The inhabitants of London showed greater public spirit by turning out in their tens of thousands to witness the dress rehearsal for the Coronation procession even though it began at 6.30am on the first day of summer time. The spectacle fell well short of the real thing. No member of the Royal family was there although copious salutes were delivered to their imaginary presence. The troops wore normal khaki dress and not their grand ceremonial uniforms. Civilian officials were even detected wearing bowler hats. The state coaches were real enough.

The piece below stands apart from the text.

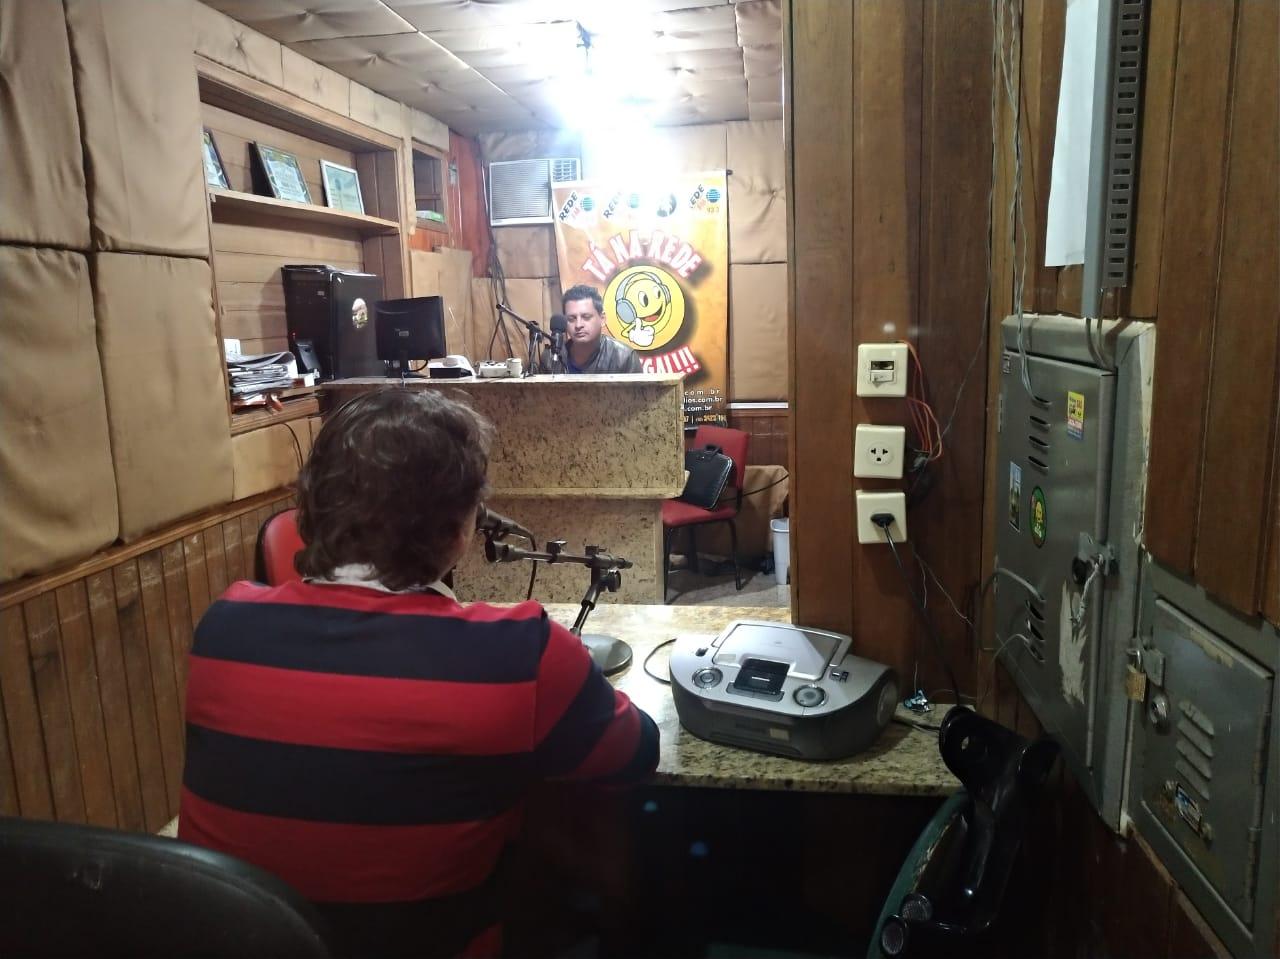 Entrevista para a Rádio 101,9 FM de Paranavaí.

His Majesty’s subjects (reluctant, or possibly just unwitting) on the North-West Frontier of India were giving his armed forces rather more serious occupation in their time-honoured fashion. That old favourite, the Faqir of Ipi, was providing his usual encouragement to the attackers in Waziristan, echoed by the new kid on the block of radical Islam in the region, Mullah Sher Ali, who had concluded that the local elder had become a sight too placid. Groups of a few dozen attacked isolated British posts in brisk if inconclusive actions, which justified the award of a good number of minor gallantry decorations to troops involved.